> [Your task]: The pictures are to be left out when the listing below is reproduced word for word.

> [Data below]:
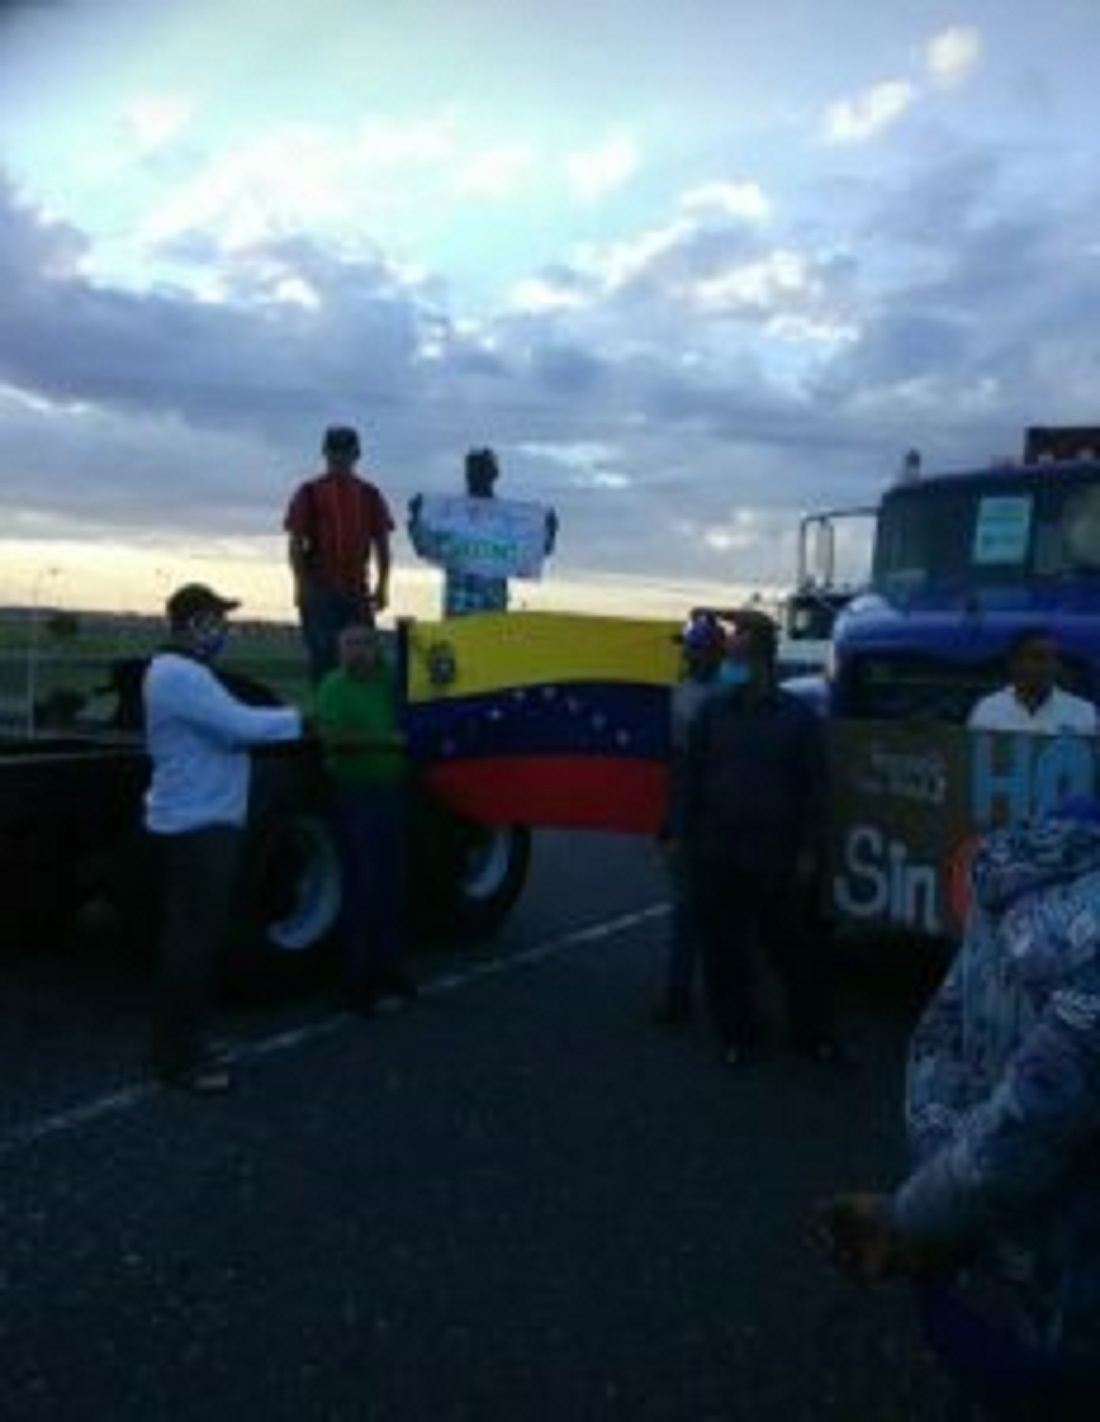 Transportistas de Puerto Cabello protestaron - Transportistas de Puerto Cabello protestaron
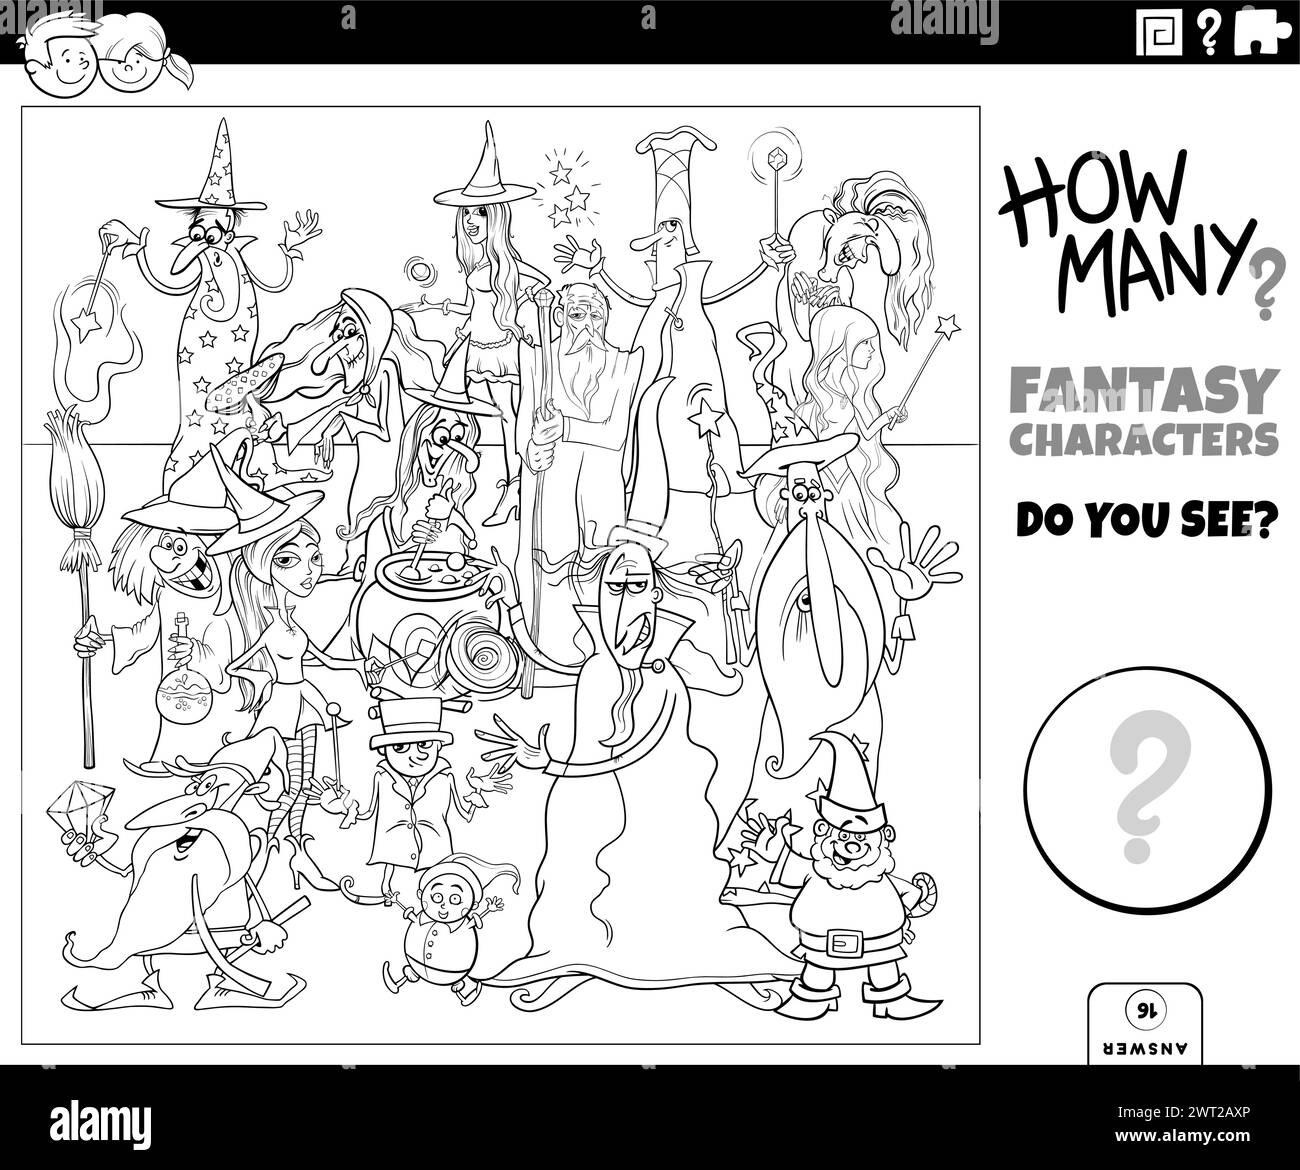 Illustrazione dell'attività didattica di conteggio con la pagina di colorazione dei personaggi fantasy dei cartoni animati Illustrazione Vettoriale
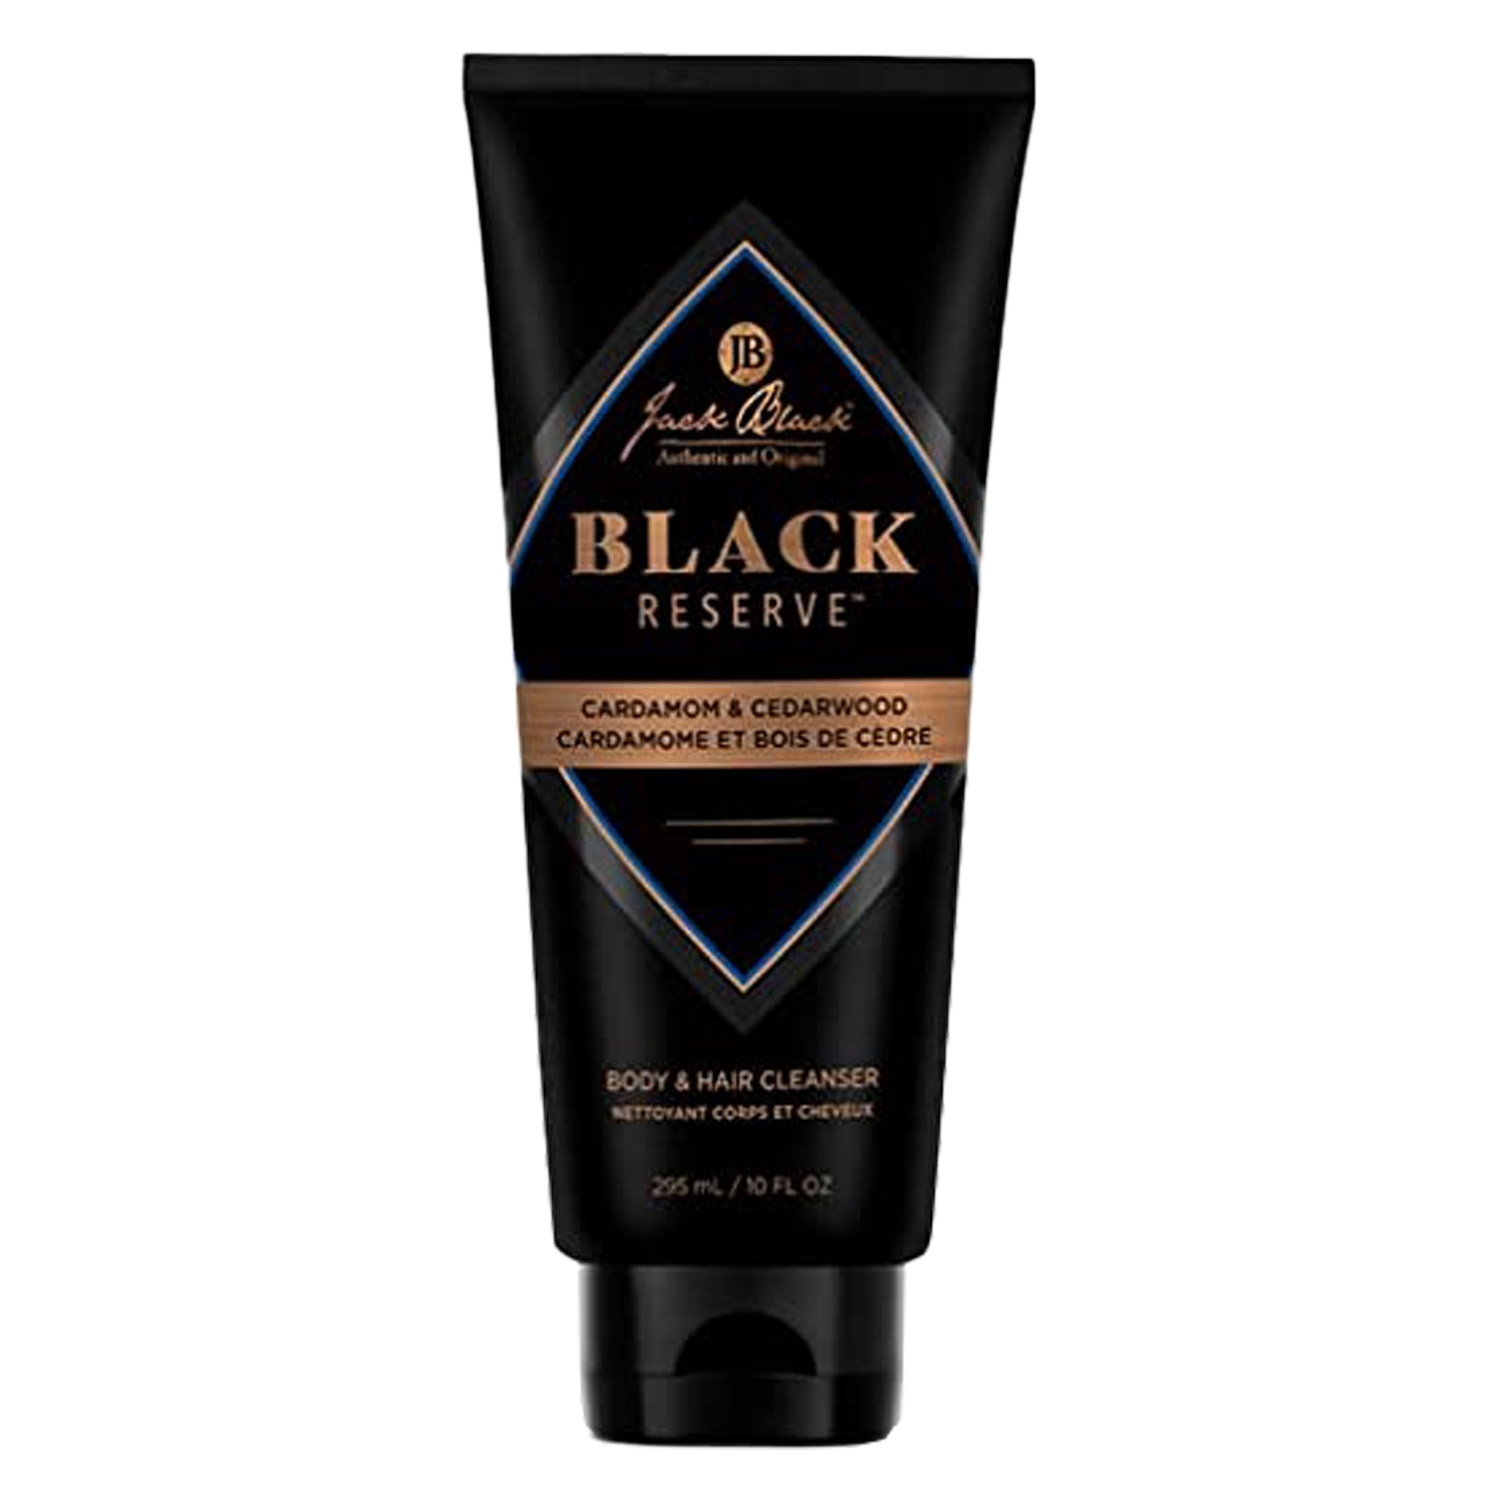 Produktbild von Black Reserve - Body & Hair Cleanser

> [Output for this task]:
 Transportistas de Puerto Cabello protestaron - Transportistas de Puerto Cabello protestaron
 Illustrazione dell'attività didattica di conteggio con la pagina di colorazione dei personaggi fantasy dei cartoni animati Illustrazione Vettoriale
 Produktbild von Black Reserve - Body & Hair Cleanser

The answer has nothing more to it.